### [DATASET RECORDS]
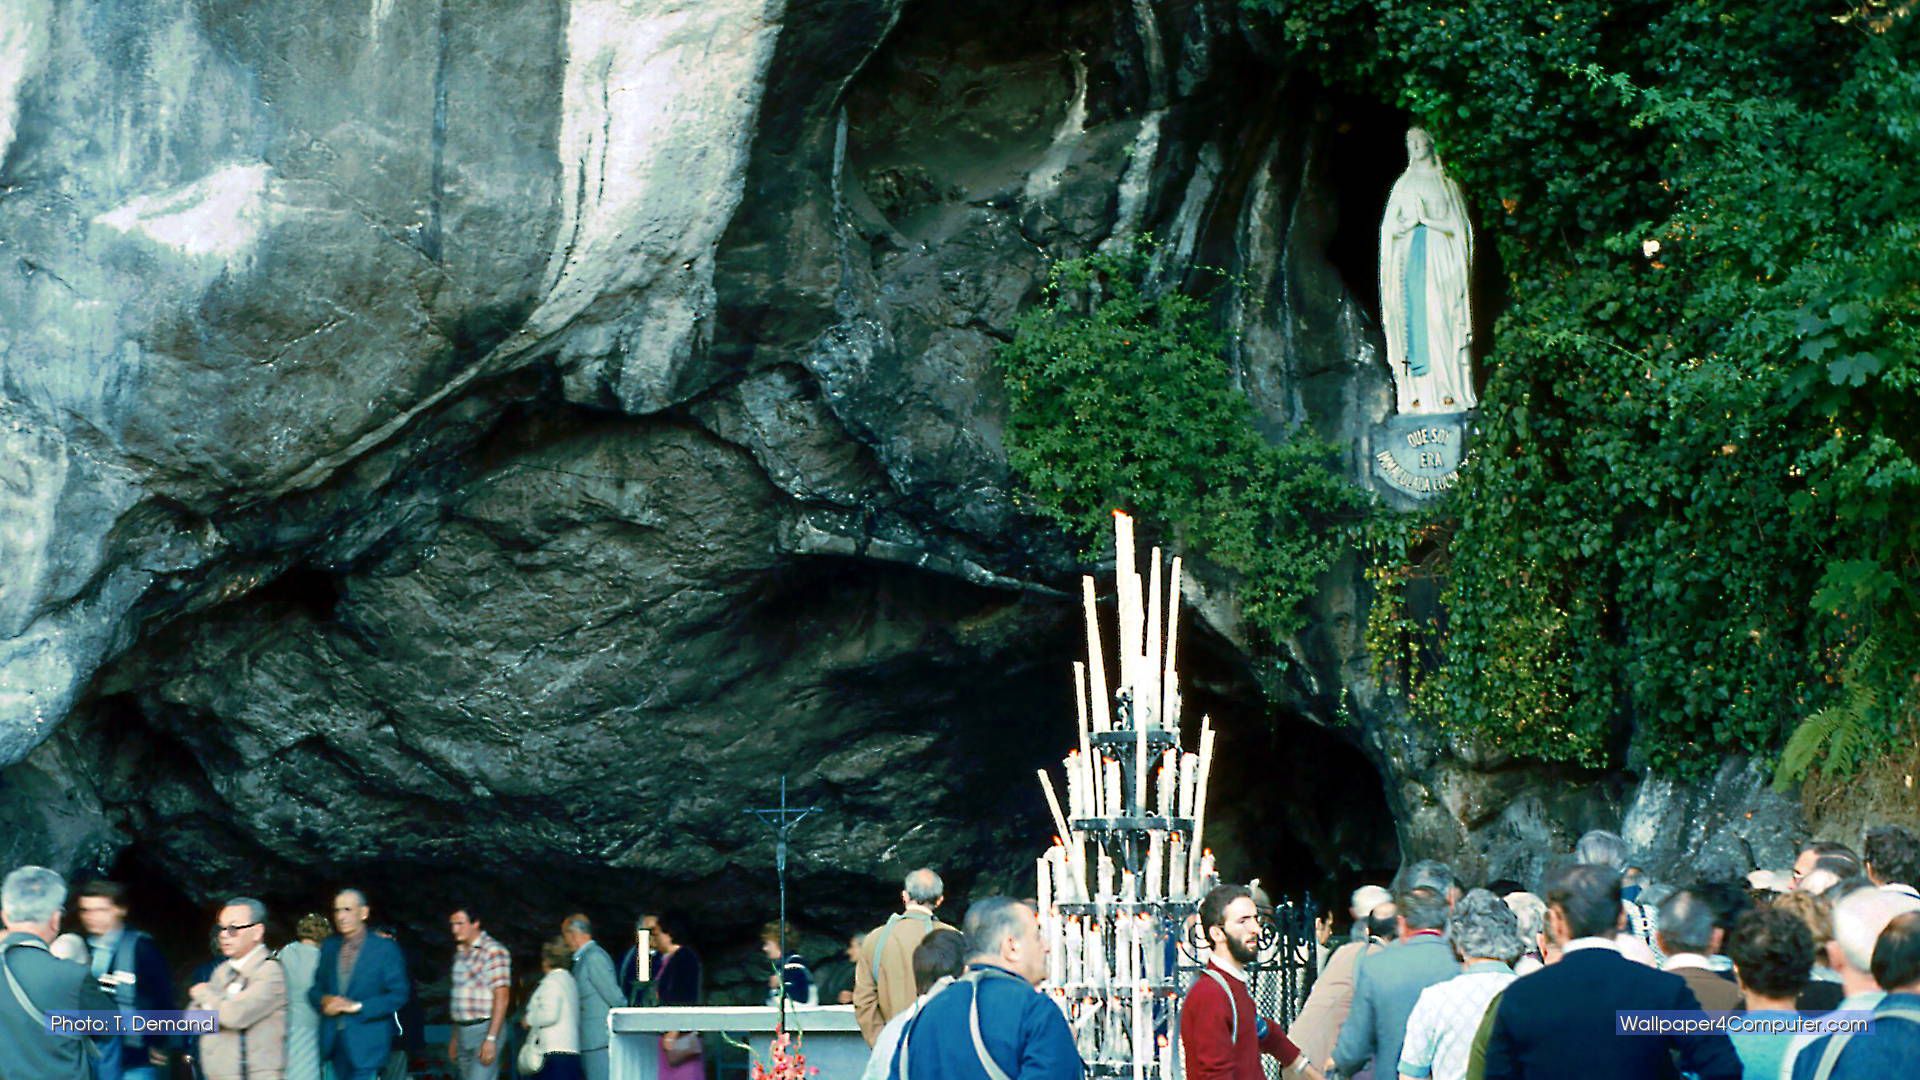 The Sanctuaries of Lourdes. Photo: (c)1980 T. Demand, Wallpaper: 2011 T. Demand, Wpic This wallpaper is free to be used as a desktop wallpaper on your computer. Any other usage, publication, distribution is not allowed.
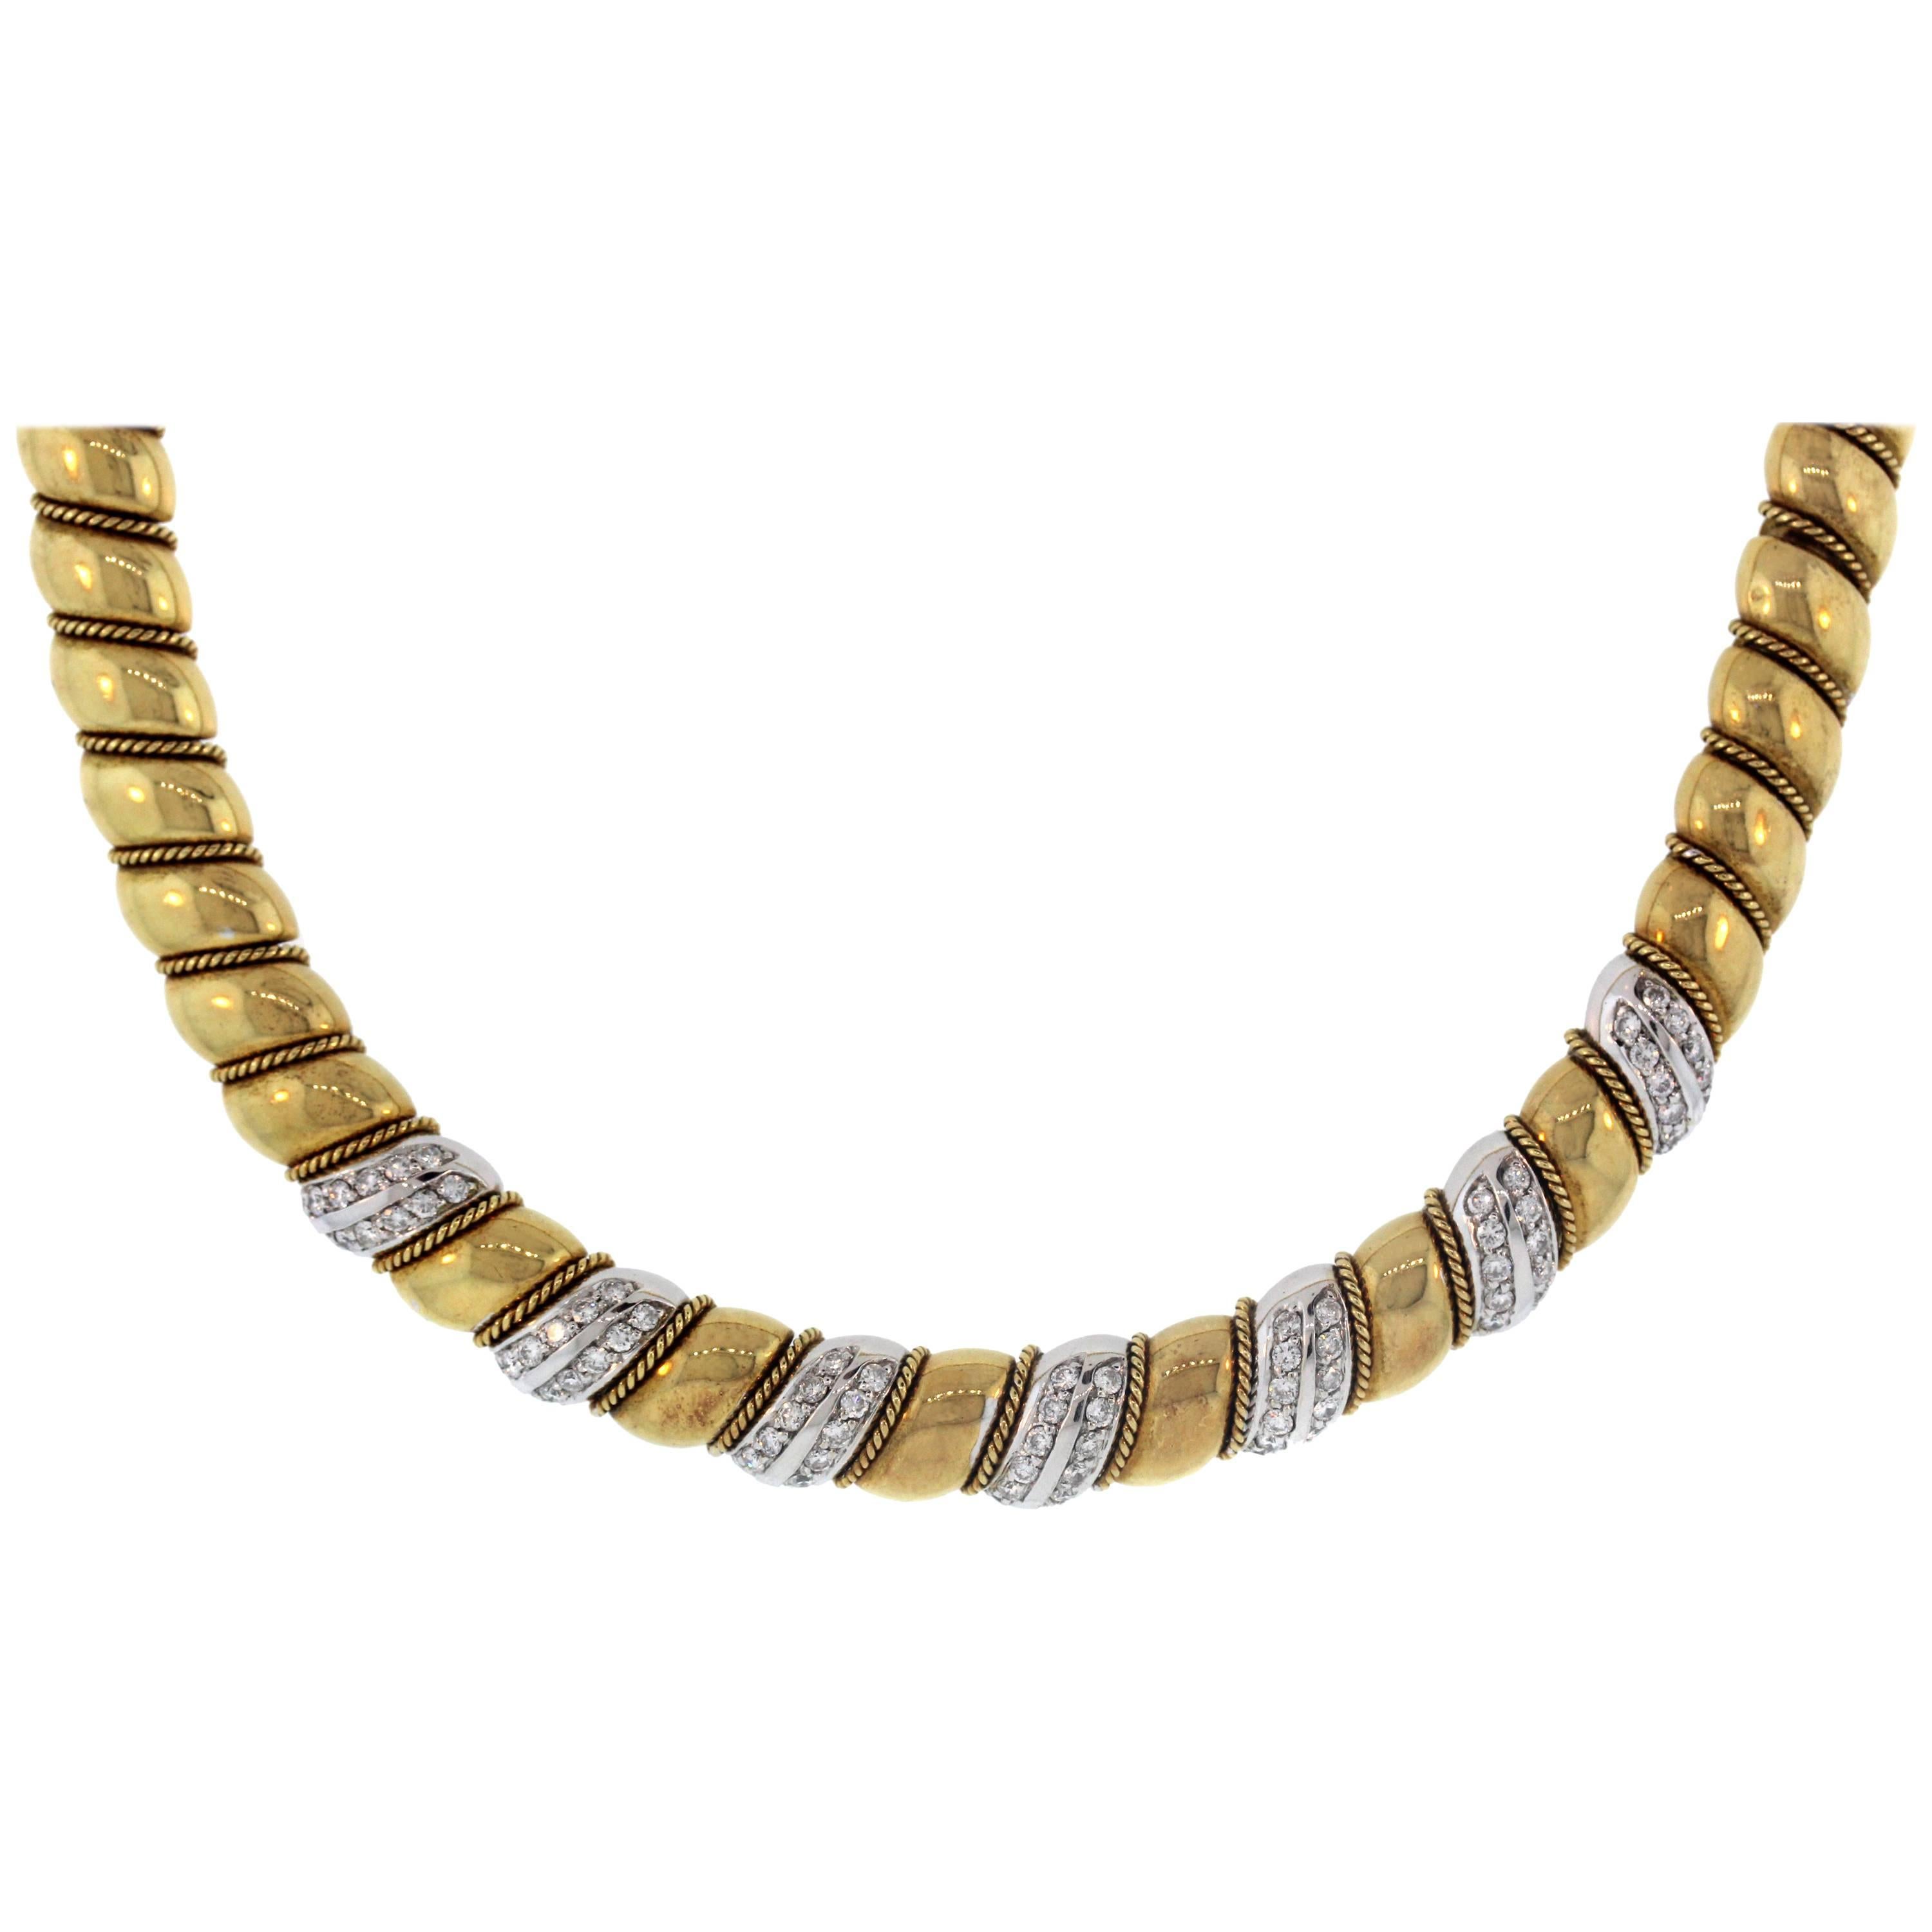 Sabbadini 18K Two Tone Yellow White Gold and Diamond Choker Style Necklace
Gorgeous craftsmanship and detail seen throughout piece. 

2.50 carat Diamonds G Color, VS Clarity

Necklace is 16 inches in length.

Signed Sabbadini, Italy
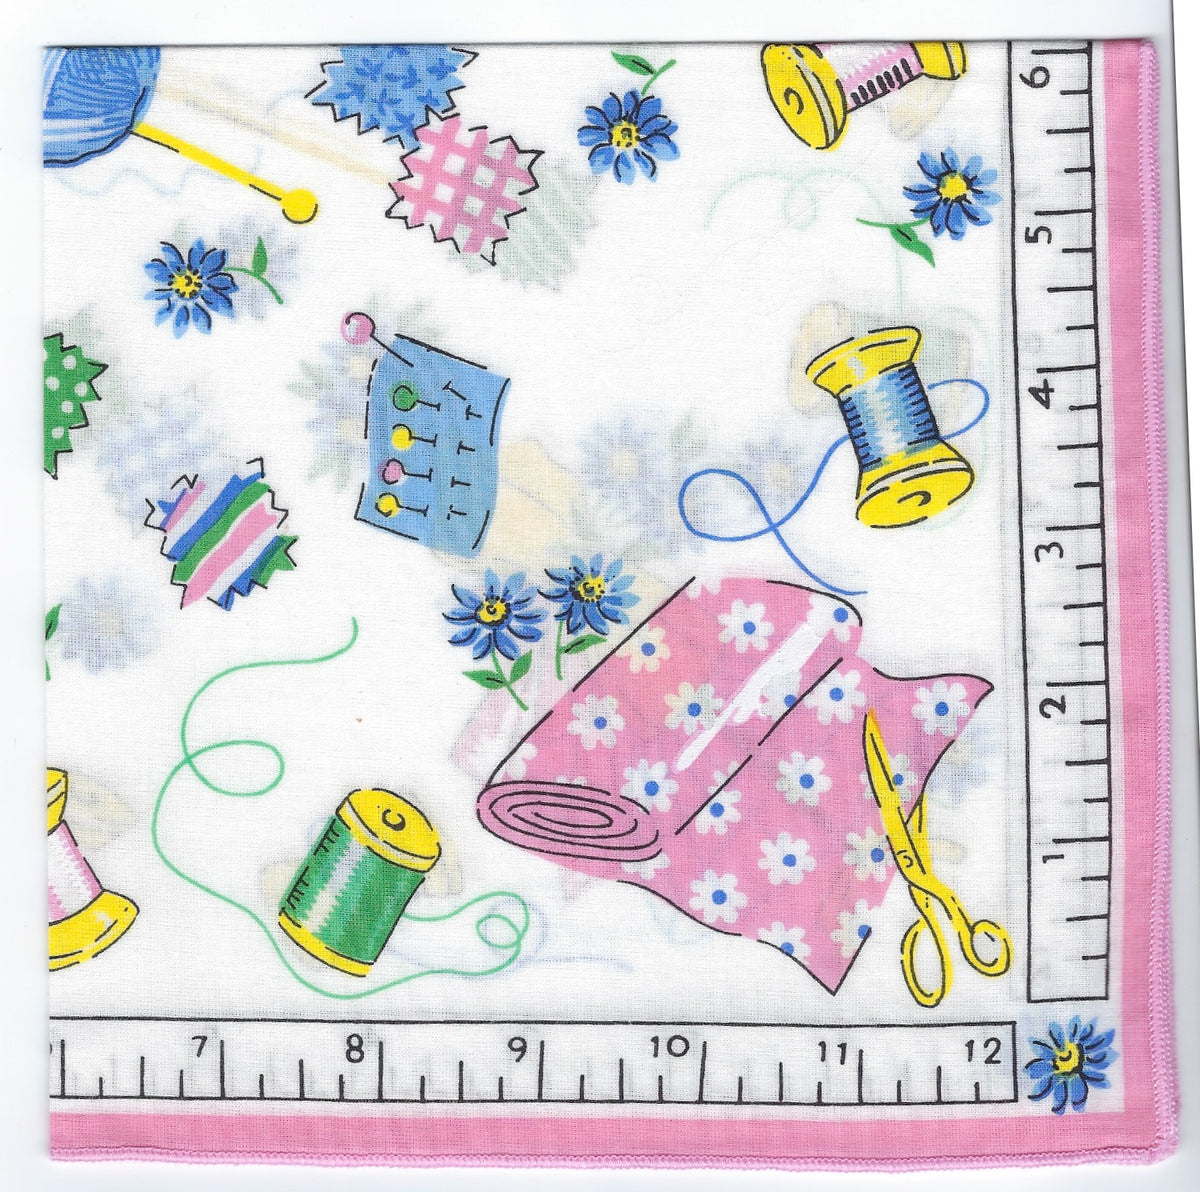 A colorful fabric pattern featuring sewing and crafting motifs such as thread spools, scissors, yarn balls, Vintage Inspired Hankies - Sewing Notions & Needlework, displayed next to a measuring tape showing inches from Hankies ala Carte.

### [EXERCISE DESCRIPTION]
The required output is every line from the one containing "2.50 carat Diamonds G Color, VS Clarity" through the last line of the data above, restated exactly and without pictures.

### [EXERCISE OUTPUT]
2.50 carat Diamonds G Color, VS Clarity

Necklace is 16 inches in length.

Signed Sabbadini, Italy
 A colorful fabric pattern featuring sewing and crafting motifs such as thread spools, scissors, yarn balls, Vintage Inspired Hankies - Sewing Notions & Needlework, displayed next to a measuring tape showing inches from Hankies ala Carte.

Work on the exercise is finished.